Elastic Search

Elasticsearch Clone Index

In this post, we will learn how to clone an existing index in an Elasticsearch cluster. This can allow you to perform modifications to an index without altering the original index. It also allows you to quickly rename, index, and transfer the old data in a single command.

Let’s dive in.

Request Syntax

The following snippet shows the syntax for the clone index API:

POST /<index>/_clone/<target-index>
PUT /<index>/_clone/<target-index>

 
The request clones the index into a new index where each of the original primary shard is copied into a new primary shared on the new index.
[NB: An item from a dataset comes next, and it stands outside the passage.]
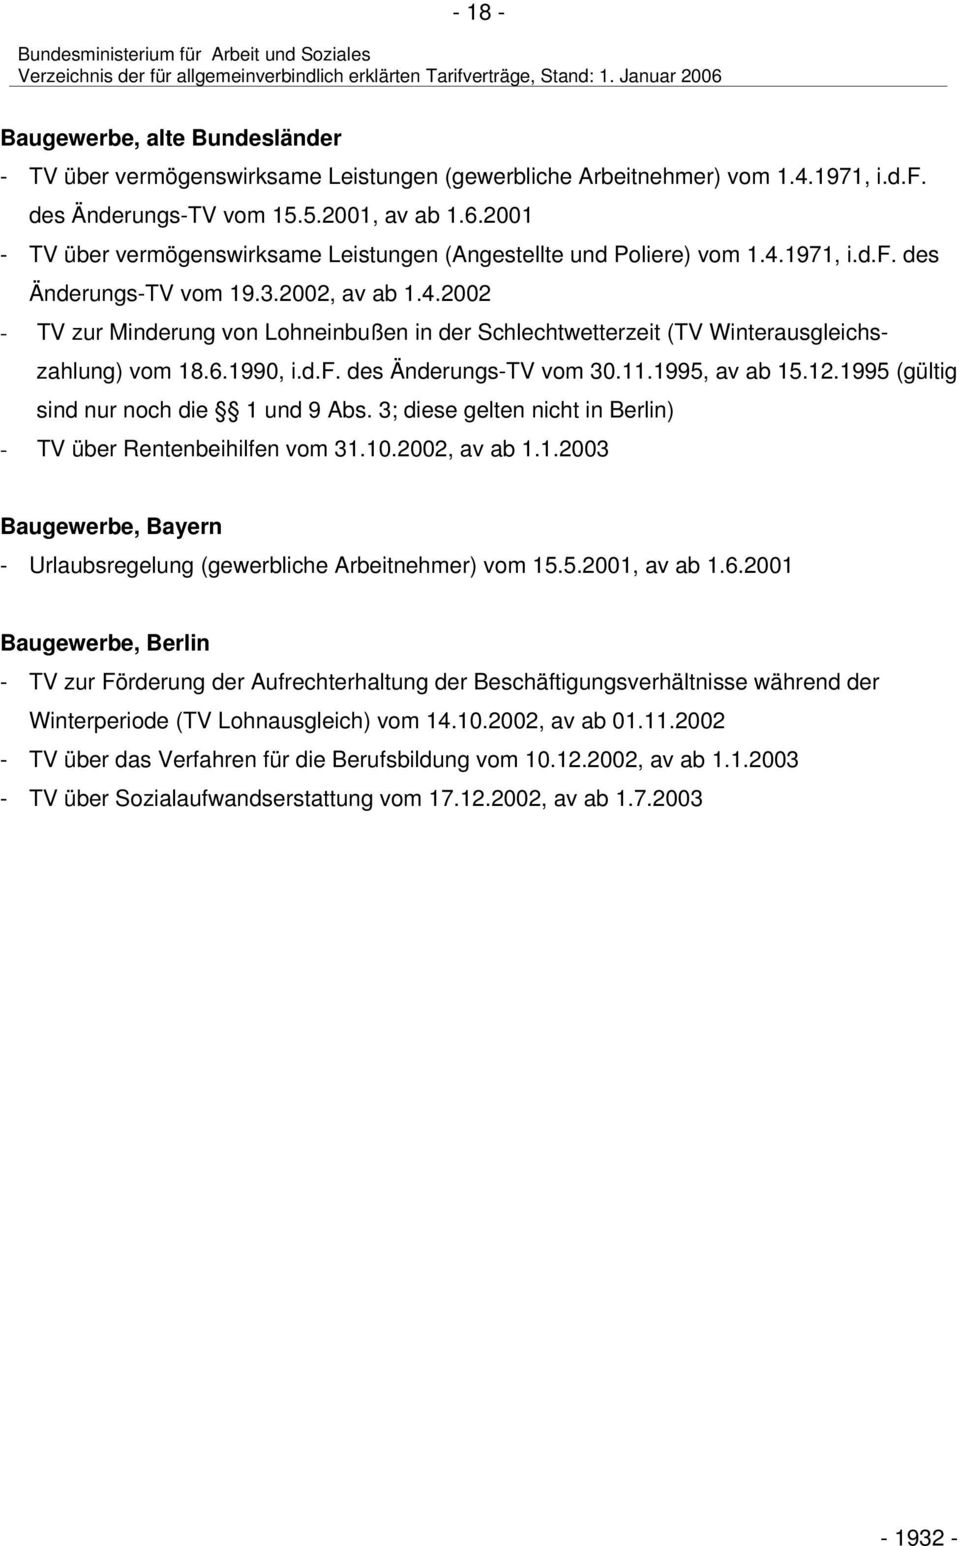 6.1990, i.d.f. des Änderungs-TV vom 30.11.1995, av ab 15.12.1995 (gültig sind nur noch die 1 und 9 Abs. 3; diese gelten nicht in Berlin) - TV über Rentenbeihilfen vom 31.10.2002, av ab 1.1.2003 Baugewerbe, Bayern - Urlaubsregelung (gewerbliche Arbeitnehmer) vom 15.

Keep in mind that Elasticsearch will not clone the index templates and index metadata to the clone index. Such metadata include aliases, CCR followers, etc.

How Index Cloning Works

Elasticsearch performs the following actions when cloning an index:

    1. Elasticsearch creates a new index with similar definitions as the source index.
    2. The next step is hard-linking the segments of the source index into the new clone index.
    3. Lastlty, Elasticsearch recovers the clone index as though it has recovered from a closed state.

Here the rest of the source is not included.